If you use an SSH tunnel with dynamic port forwarding, you must use a SOCKS proxy management add-on to control the proxy settings in your browser. Using a SOCKS proxy management tool allows you to automatically filter URLs based on text patterns and to limit the proxy settings to domains that match the form of the master node's public DNS name. The browser add-on automatically handles turning the proxy on and off when you switch between viewing websites hosted on the master node and those on the Internet. To manage your proxy settings, configure your browser to use an add-on such as FoxyProxy (with Google Chrome) or SwitchyOmega (with Firefox).

The following example demonstrates a [SwitchyOmega](https://addons.mozilla.org/en-US/firefox/addon/switchyomega/) configuration using Firefox.

Set the proxy server to localhost with the port set to 8157 (you should set this value to the local port number that you will use to establish the SSH tunnel).

![Setup the SOCKS proxy](images/screenshot-03.png)

Whitelist the following URL patterns (as illustrated by the screenshot below):

* The **\*-int.azurehdinsight.net\*** matches the DNS name of the private endpoint of the HDInsight cluster;

* The **10.0.\*** pattern provides access to the private IP addresses of the compute resources deployed within the virtual network you have setup, including the HDInsight cluster.

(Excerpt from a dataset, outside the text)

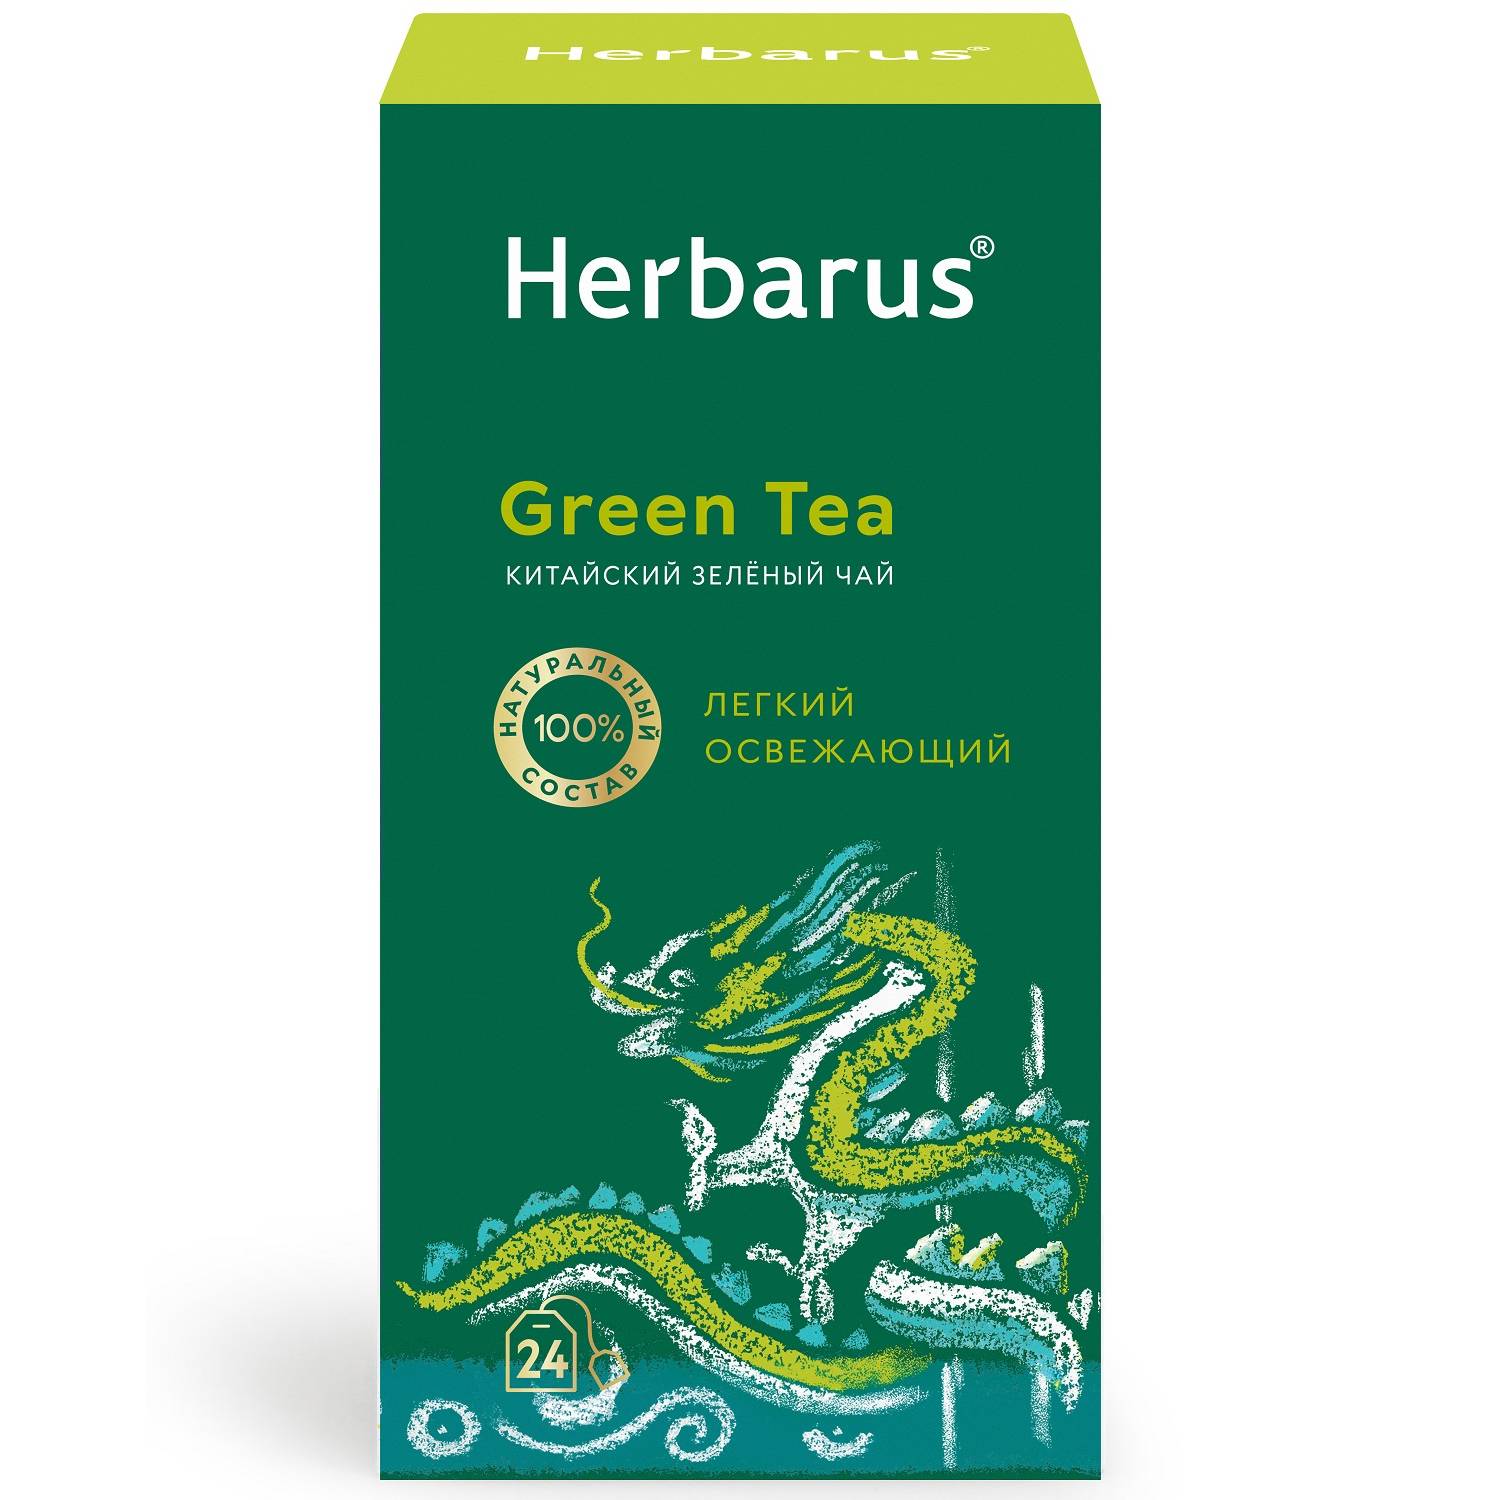 Herbarus Чай зеленый китайский Green Tea, 24 пакетика х 2 г (Herbarus, Классический чай) чай травяной herbarus спелый ароматный 24 пакетиков
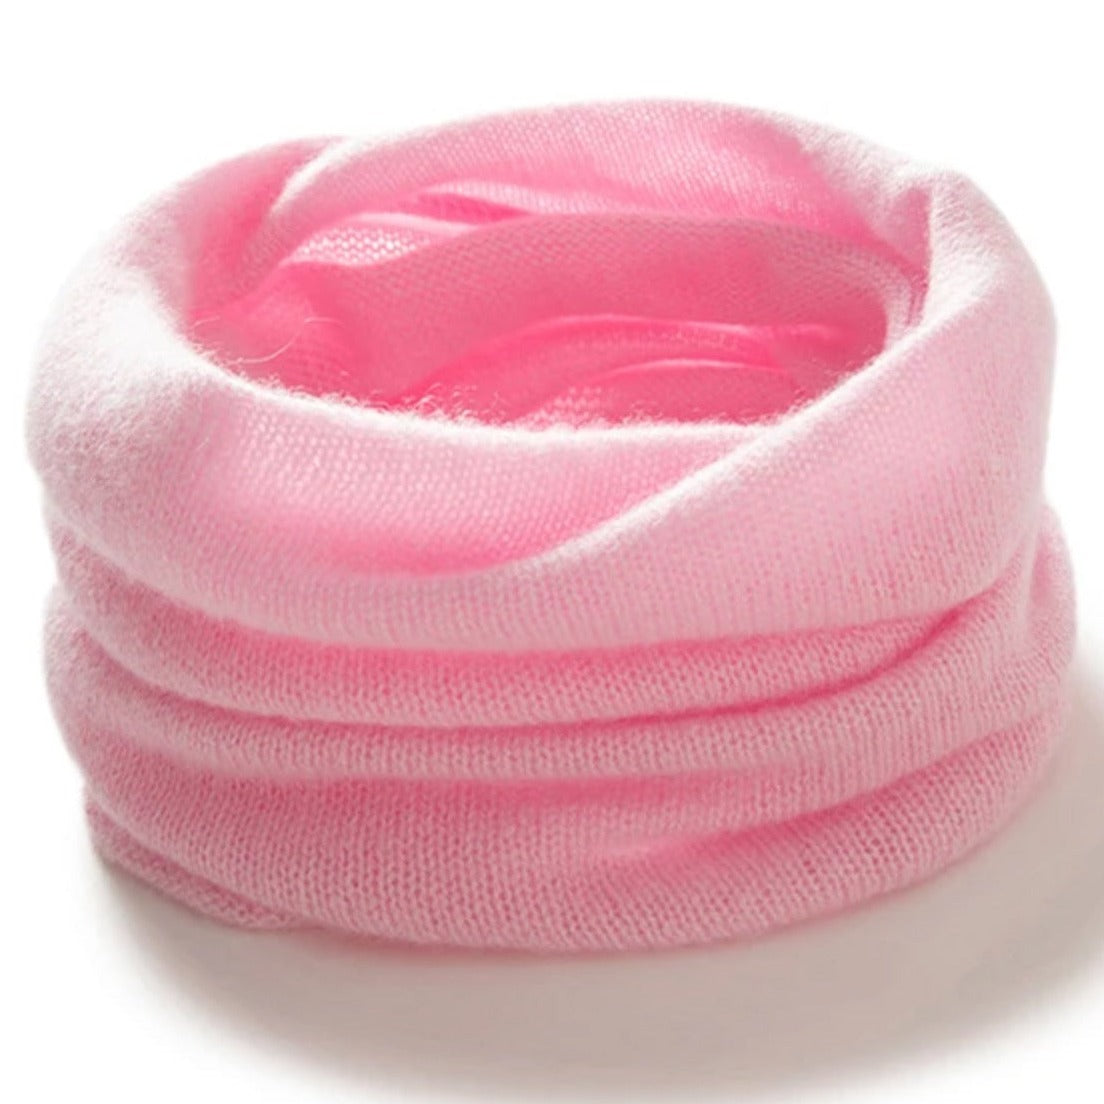 Pink Natural 100% cashmere neck warmer, shop Canada cashmere clothes, scarves, shawls

Alter this filter if it conflicts with your network access plan.

![Whitelist URL patterns](images/screenshot-04.png)

Add the private SSH key you have created to the authentication agent, with the following command:

In [None]:
%%sh
ssh-add -k <PRIVATE_SSH_KEY>

Connect to the jumpbox server, creating the SSH tunnel:

In [None]:
%%sh
ssh -A -D 8157 <ADMIN_USERNAME>@<IP_ADDRESS_OR_DNS_NAME_OF_JUMPBOX_SERVER>

Open your broweser and connect to the HDInsight private endpoint (**https://CLUSTERNAME-int.azurehdinsight.net**).

If you have configured everything properly, the browser should be route the requests through the proxy server and you should be able to access the HDInsight cluster administrative itnerfaces as illustrated by the following screenshot.

![HDInsight cluster web UI](images/screenshot-05.png)